Diagnosing a horse with navicular syndrome usually starts with a (nerve) block to identify the source of pain, followed by x-rays are next. However, while x-rays can identify issues in the navicular bone itself, they can’t identify any other pathology or injury in that area. “If there are significant changes to the navicular bone on x-ray, there’s a solid answer,” said Ortved. “There may be other things going on, but you can definitely say the horse has a severe navicular issue. Or if x-rays show mild to moderate changes, we can do some treatments and use anti-inflammatories to see if horse responds.”

The role of an MRI should be considered in terms of both necessity and expense, which can be significant. While some horses can undergo an MRI without sedation, many have to undergo general anesthesia, which means higher cost and hospitalization.

Recent data shows significantly better outcomes in horses exhibiting foot lameness when MRIs are done early. “If the finances are there to support an MRI, the sooner the better – especially if you’re questioning the diagnosis,” said Ortved. “It allows a more clear understanding of what’s going on in the foot and allows you to target treatment more appropriately.” While costs vary, Ortved estimates that in the northeast, a standing MRI without sedation is usually $2,500 per foot, and up to $3,500 for an MRI under general anesthesia.

Ortved says the fact that horses are athletes makes it difficult to prevent navicular syndrome. “I think you can takes steps to limit the impact and concussive forces on the foot, like avoiding riding on hard ground, which also helps prevent sole bruising,” she said. “Good shoeing and trimming is key. Horses with excessively long toe puts more pressure on the deep digital flexor tendon, and that hits the back of the navicular bone and causes damage.”

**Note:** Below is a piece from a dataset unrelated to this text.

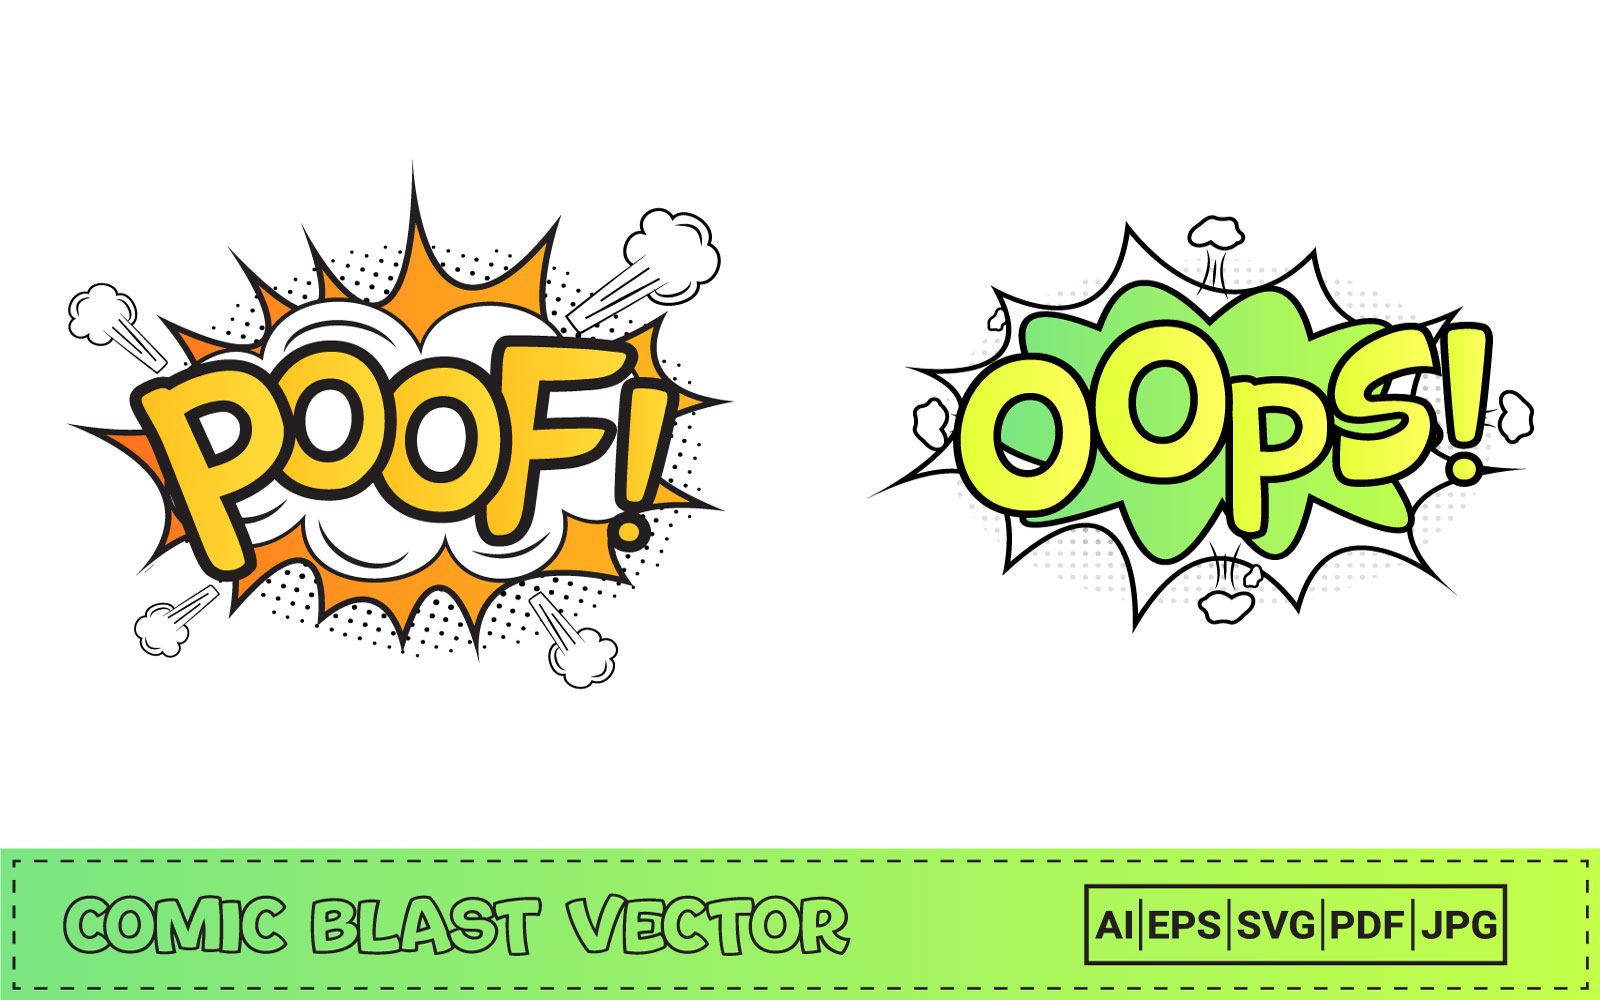 Comic Blast Vector with Poof and Oops

Pat Reilly, chief of farrier services at the University of Pennsylvania’s New Bolton Center, has worked extensively with competition horses for 25 years and says that good outcomes in treating navicular syndrome are more likely when vets and farriers work together. He added that despite scientific improvements and approaches in shoeing, there is still some art involved in treatment.

“A lot of people come to the farrier first,” said Reilly, “but without a diagnosis, we can make a situation worse instead of better. If I put a bar shoe on a horse that has a little bit of lameness, I’m changing the distribution of force on that foot, and it might make the horse better – but it could make the horse worse. As a farrier, my goal is to take whatever structures the vet identifies as pathologic and try to take some of the force off those structures. Without a diagnosis, I’m operating in the dark.”

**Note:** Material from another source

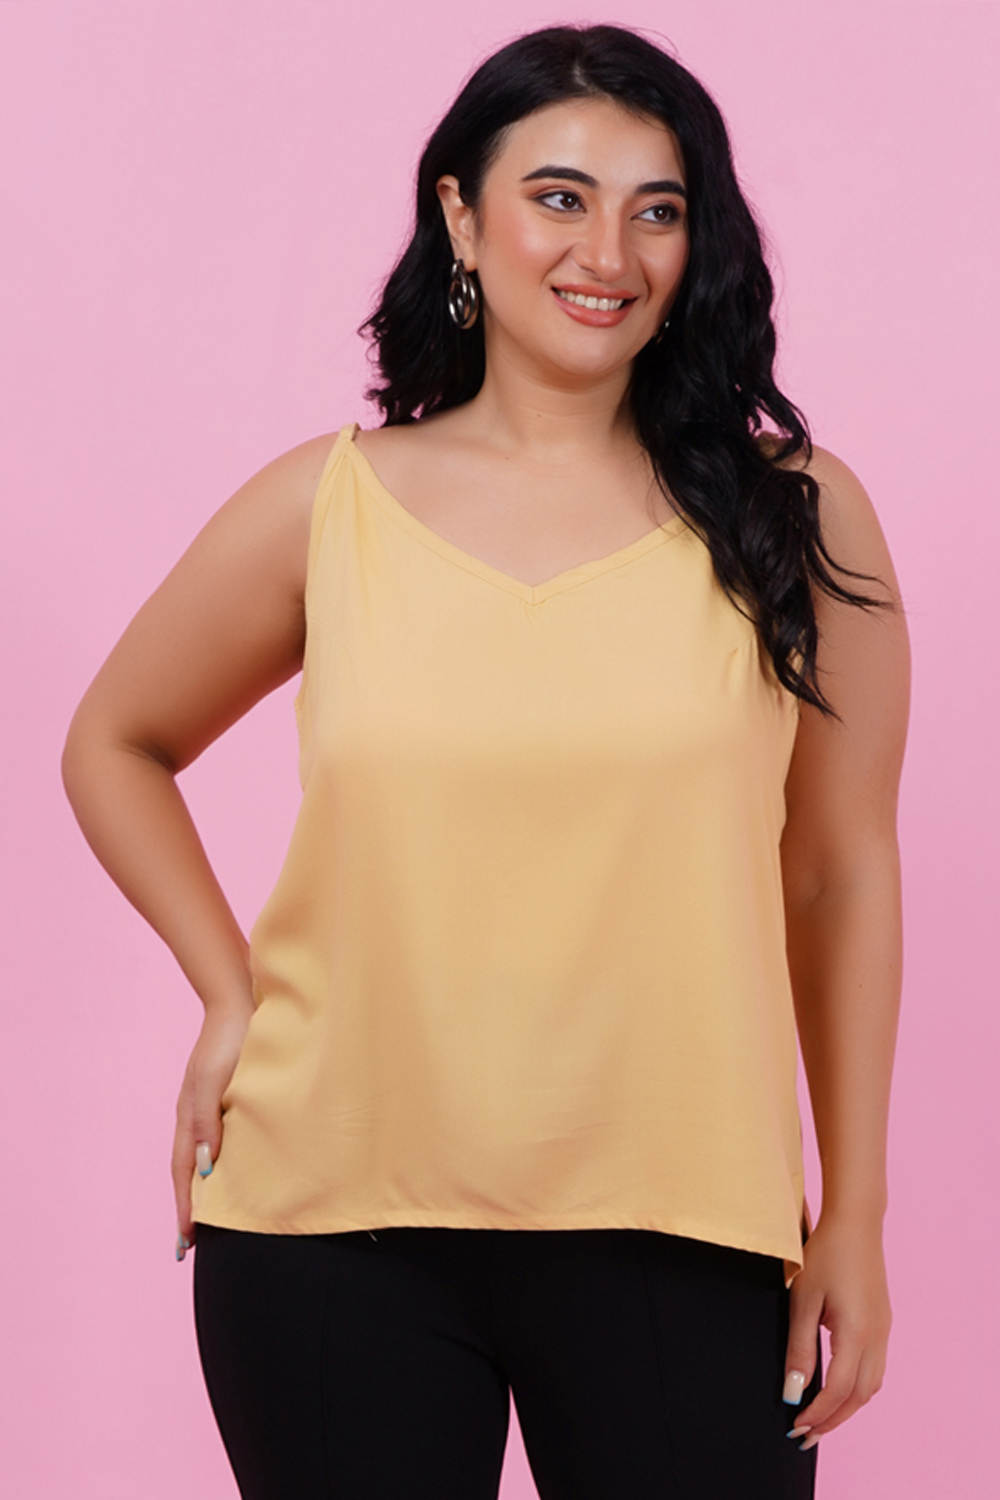 Lastinch Beige T-Shirt Length Camisole, Latest collection

Reilly says one word he doesn’t allow in his farrier shop is ‘balance.’  “That suggests that we know exactly what we’re doing, and we don’t,” he said. “The second part of that is (assuming) things are going to stay where we put them – and they don’t. Horses’ feet grow. X-rays can be useful in identifying where the internal structures are, and especially in identifying distortion of the hoof capsule. Farriers have a tendency to focus on the outside of the foot, and we can fit shoes to distortion and not necessarily factor things like bony alignment and the position of the shoe relative to the center of articulation of the coffin bone.”

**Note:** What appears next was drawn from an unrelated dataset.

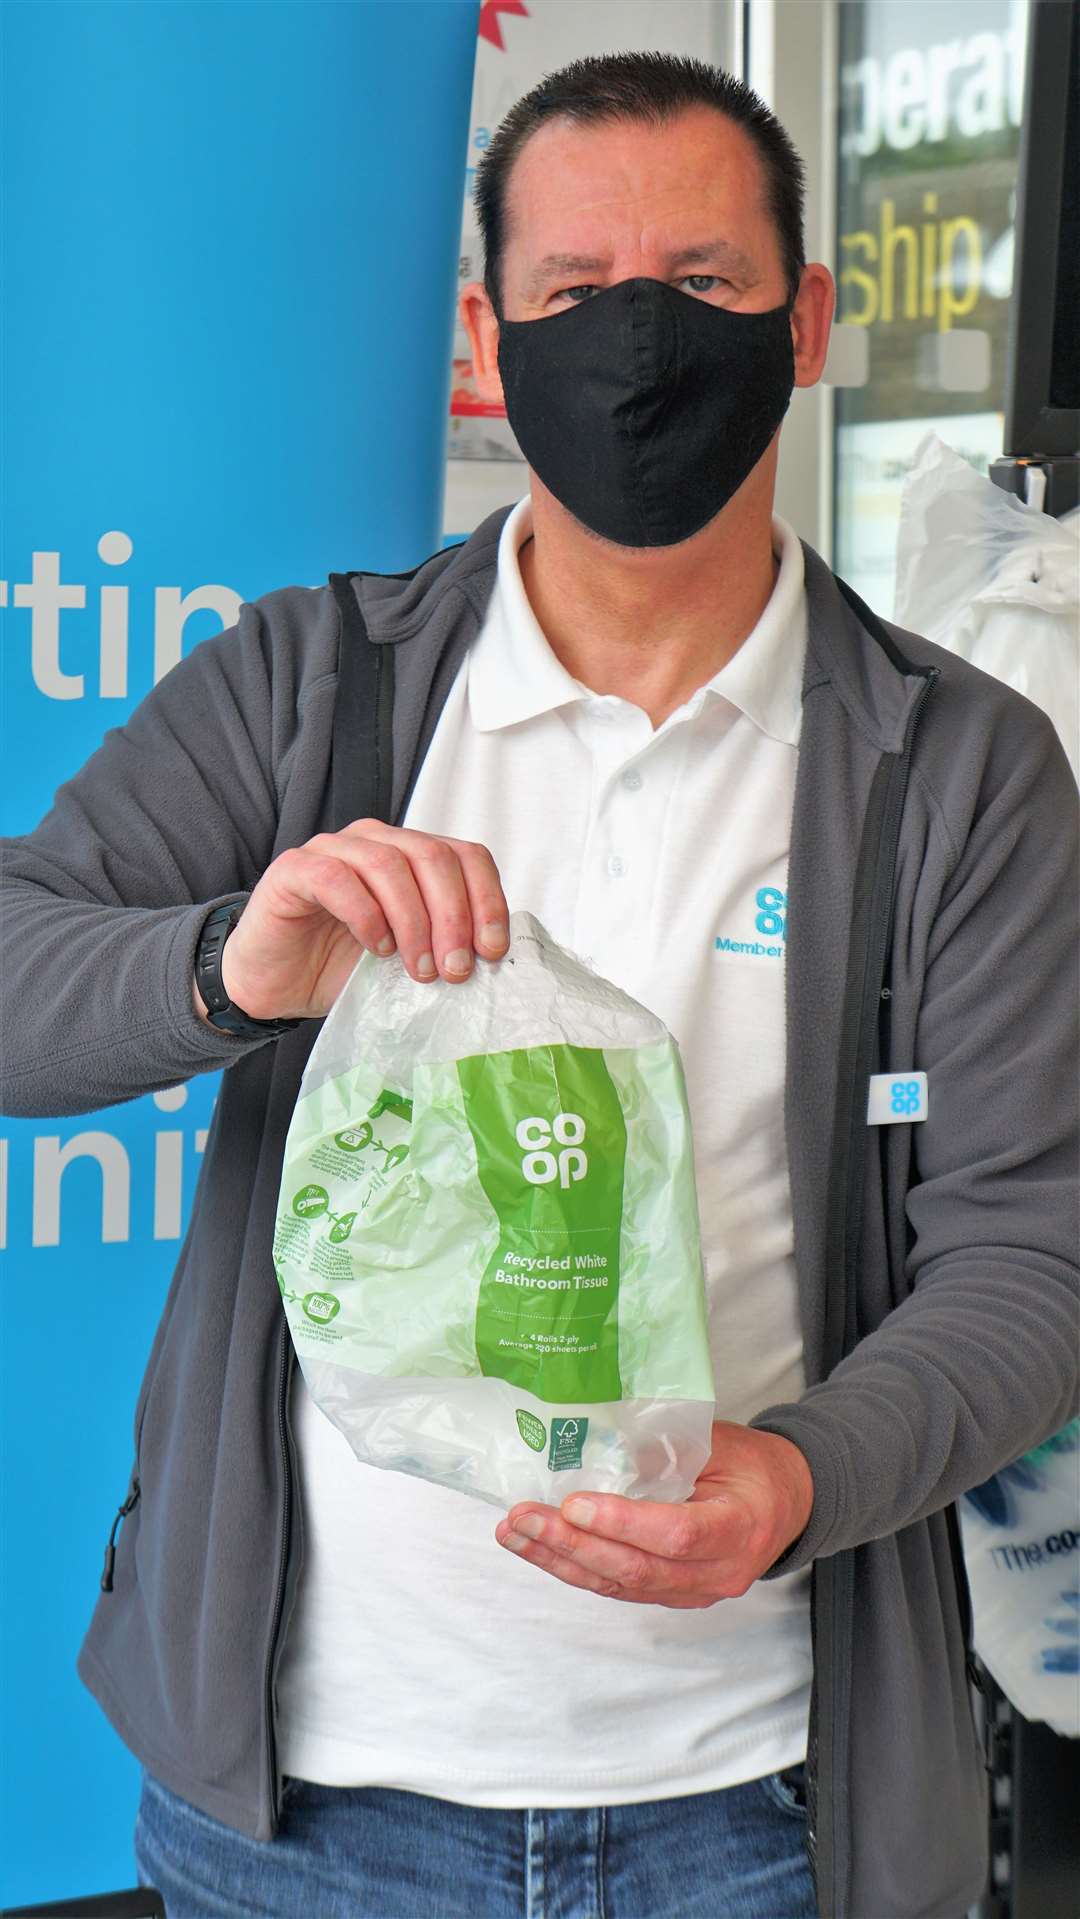 Jamie shows a typical soft plastic bag that can be deposited at its stores for recycling. Councils currently do not recycle such items.

Ortved explains the use of bisphosphonates, drugs used in human medicine for degenerative bone conditions such as osteoporosis and bone fragility disorders. “Bisphosphonates stop or interfere with the activity of osteoclasts – the cells in bone that break down bone,” she said. “They secrete enzymes that break down the mineral material that makes up bone. The other cells in bone are osteoblasts, and those are responsible for making new bone material. In some navicular disorders, there is increased breakdown of bone without new bone being formed. In navicular syndrome, we see inappropriate breakdown of bone in response to impact.” Ortved added that the role of bisphosphonates isn’t clear, but they offer a degree of analgesic effect, perhaps through opioid receptors.